Revolutionary material stores solar energy for hours after sunset

Revolutionary material stores solar energy for hours after sunset

The latest developments in energy storage promise a future-oriented approach to the use of renewable energy. Researchers of the Technical University of Munich (TUM), the Max Planck Institute for Solid State Research and the University of Stuttgart have developed a novel material that both absorbs sunlight and provides long-term energy storage. This highly porous, two-dimensional organic framework material, a so-called covalent organic framework (COF), is based on naphthalenediimide and allows energy to be stored in an aqueous medium for over 48 hours.

The innovative material stabilizes the charges created during sunlight absorption by influencing the orientation of the surrounding water molecules.
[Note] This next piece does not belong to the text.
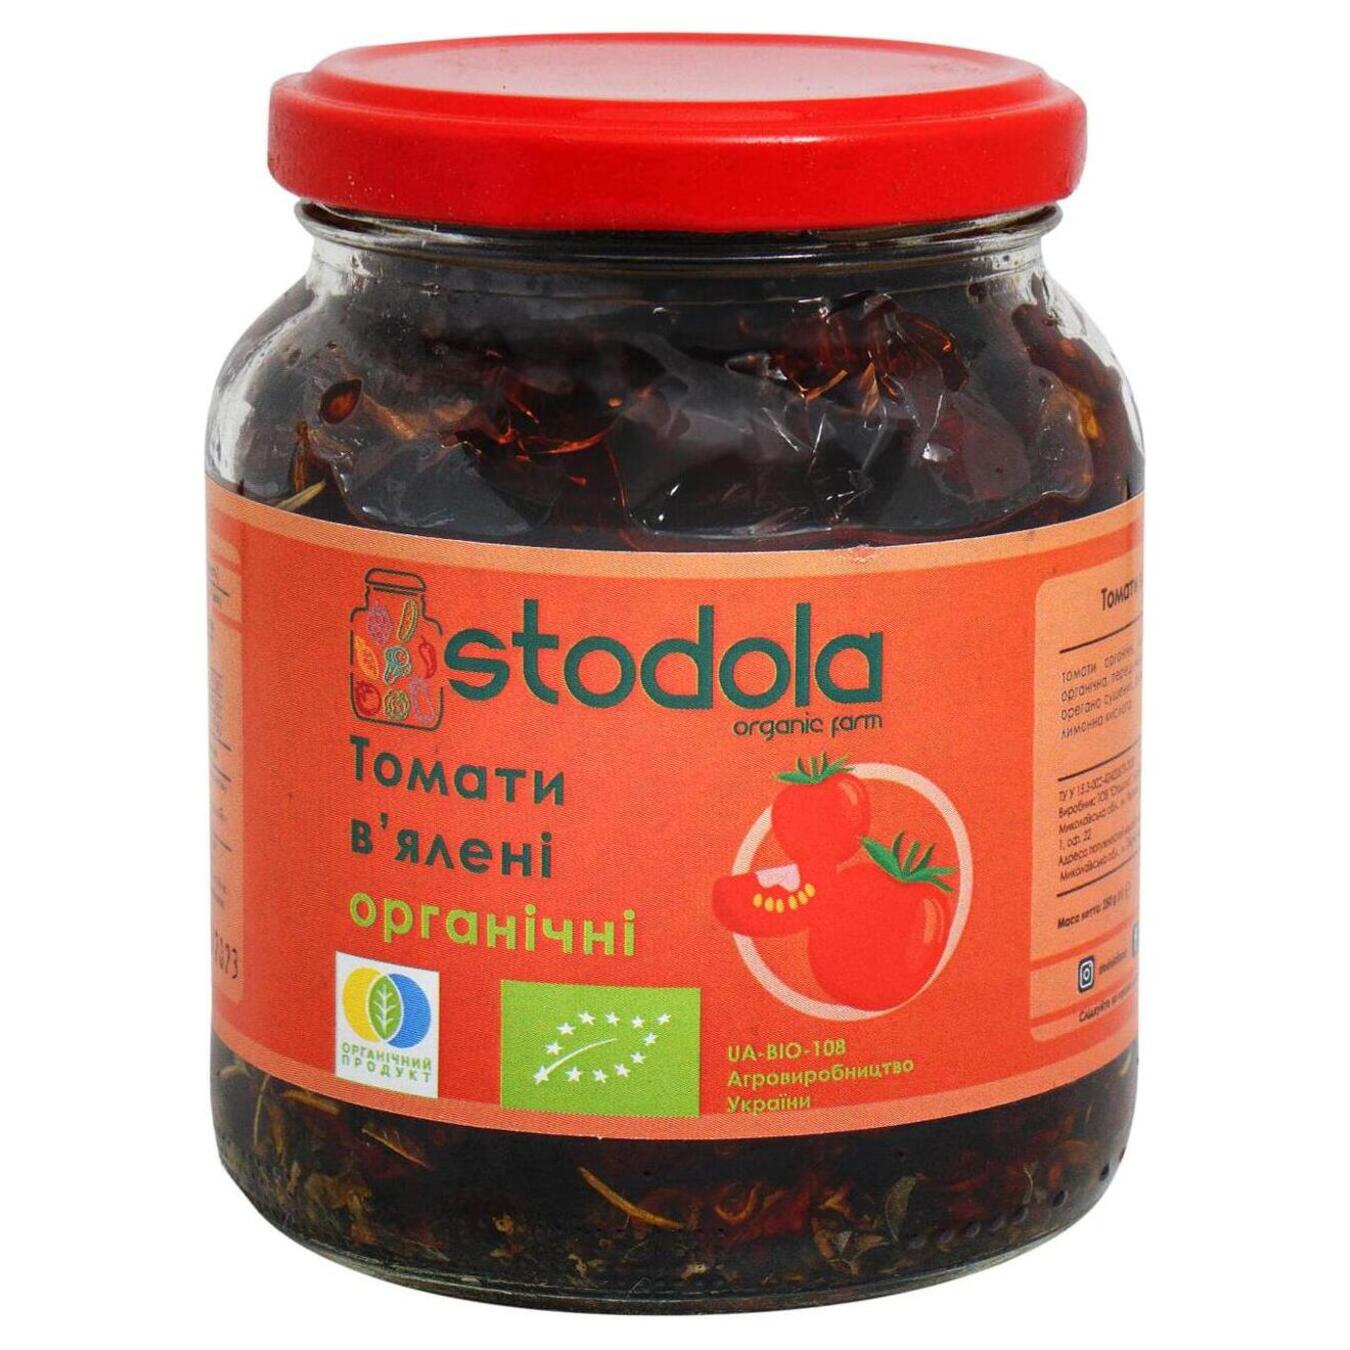 Tomatoes Stodola Shchyra Food dried organic 250g

This creates an energetic barrier that prevents these charges from recombining. With a storage capacity of 38 mAh/g, it outperforms many existing optoionic materials as well as comparable framework materials and other molecular semiconductors.

Technological functionalities and advantages

The combination of light utilization and long-term storage in a metal-free material opens up new perspectives for energy storage. This development is supported by the e-conversion Cluster of Excellence, which aims to achieve greater efficiency in the conversion and storage of energy. COFs based on reticular and dynamic covalent chemistry offer great potential in the development of advanced energy devices. This is supported by flexibility in design and adjustable porosity of the membranes, which enable new possibilities in energy storage and conversion.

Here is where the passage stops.